Big Data 41 min read

Understanding and Solving the Small File Problem in Big Data Systems

This article examines the pervasive small‑file issue in big‑data environments, explains its impact on storage and processing performance, and presents a comprehensive set of solutions—including file merging, Hadoop archives, SequenceFiles, HBase, CombineFileInputFormat, and Spark/Flink strategies—to mitigate metadata overhead and improve I/O efficiency.

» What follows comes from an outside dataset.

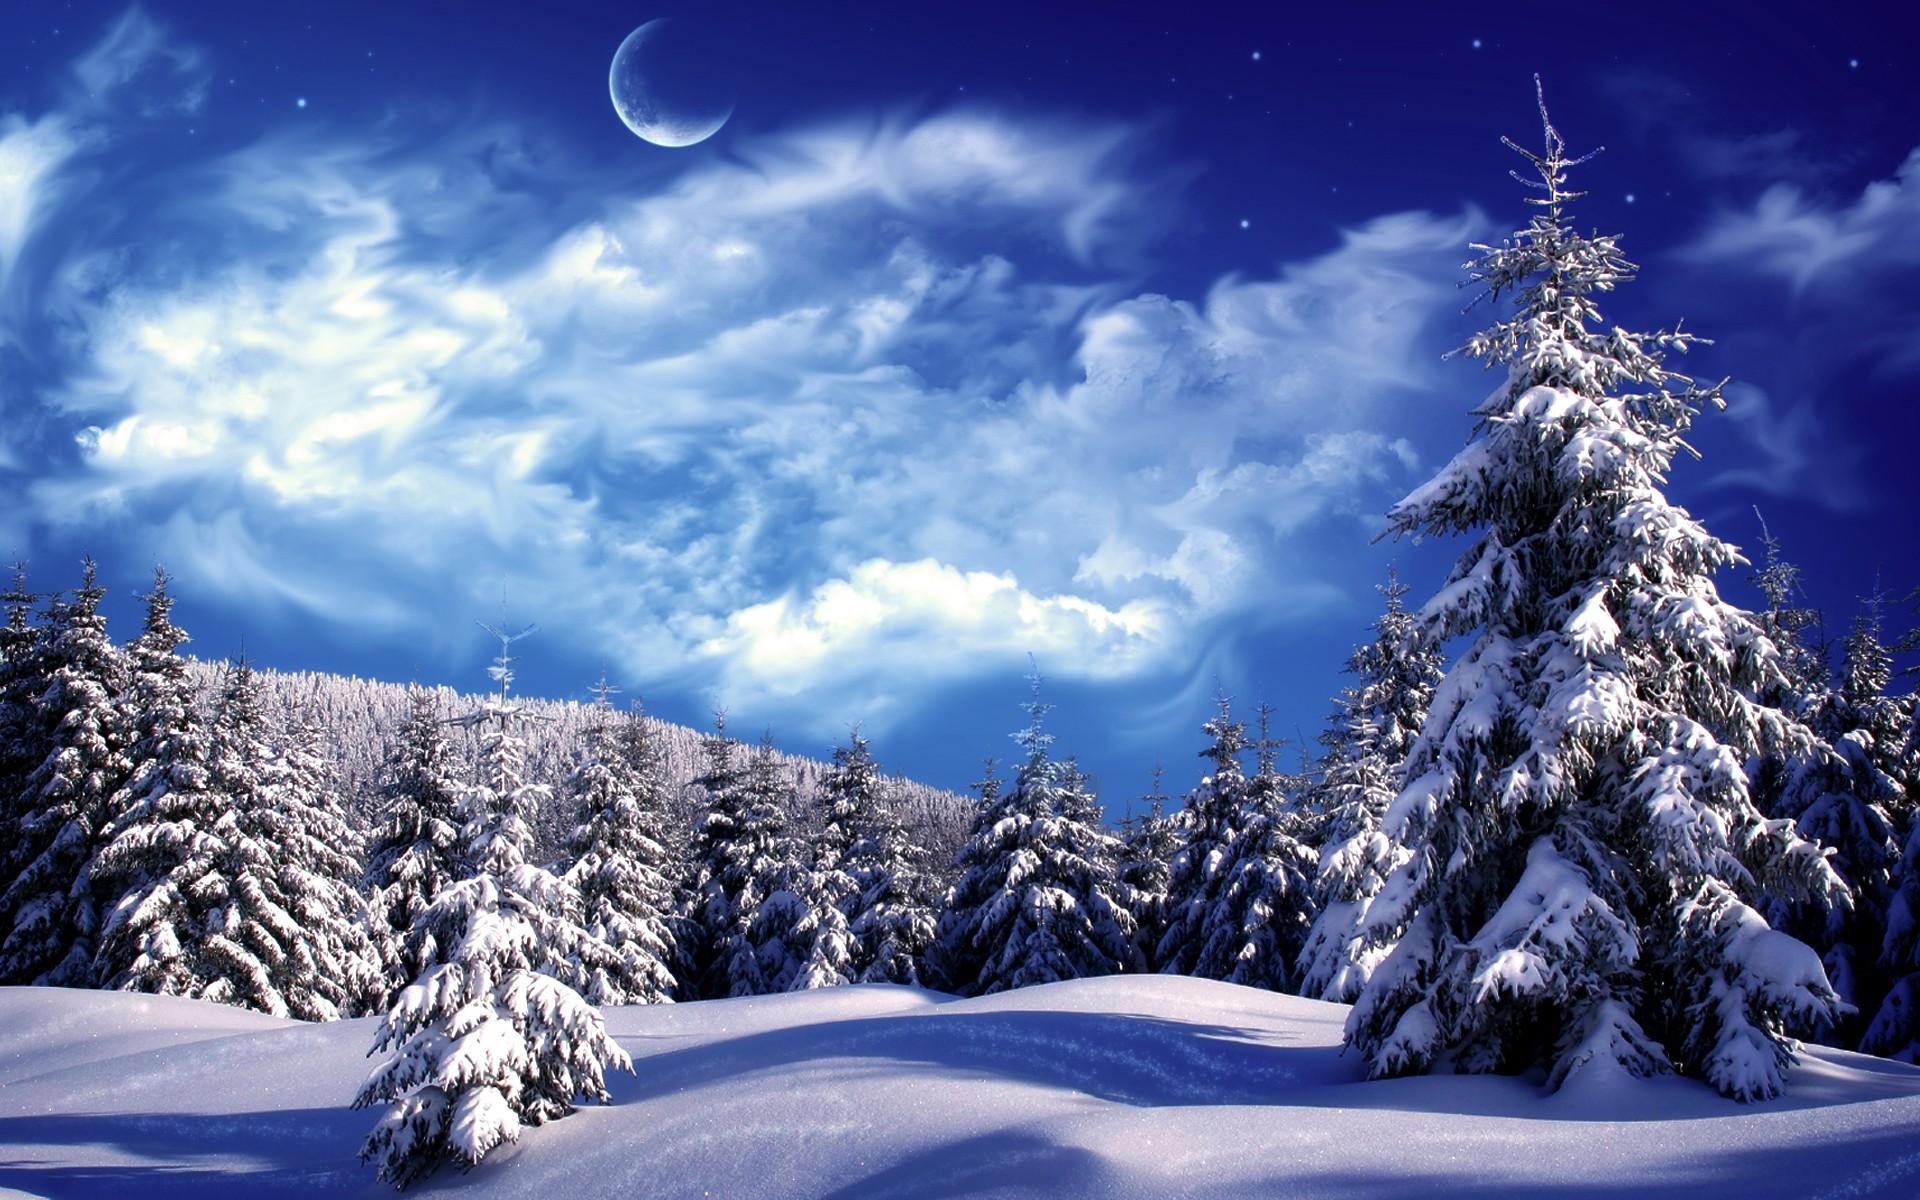 картинки зима для компьютера если чугунная труба

Big Data Technology & Architecture
Big Data Technology & Architecture
Big Data Technology & Architecture
Understanding and Solving the Small File Problem in Big Data Systems

The massive small‑file problem is recognized both in industry and academia as a critical bottleneck in big‑data storage and processing, second only to data skew. Small files degrade IOPS, throughput, and overall cluster stability because traditional disk file systems and VFS are optimized for large sequential I/O.

Small‑File Problem Overview

Key issues include inefficient metadata management (multiple disk accesses for each file’s dentry, inode, and data), poor data layout causing fragmentation, and complex I/O paths through VFS that amplify random access costs.

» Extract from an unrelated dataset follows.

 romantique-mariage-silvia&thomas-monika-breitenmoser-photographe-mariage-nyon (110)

In distributed file systems, metadata and data are separated across nodes, so the small‑file impact is replicated on each node, further stressing NameNode memory and network traffic.

Benefits of Small‑File Merging

Combining many logical files into a single physical file reduces metadata volume, improves data locality, lowers disk fragmentation, and simplifies I/O paths (open → seek instead of full path lookup), effectively creating a micro‑filesystem optimized for write‑once‑read‑many workloads.

Hadoop‑Specific Strategies

Hadoop defines a small file as one whose size is less than 75% of the block size (commonly 128 MB). Excessive small files increase NameNode memory usage (≈150 bytes per file) and inflate MapReduce task counts, leading to long startup times and network overhead.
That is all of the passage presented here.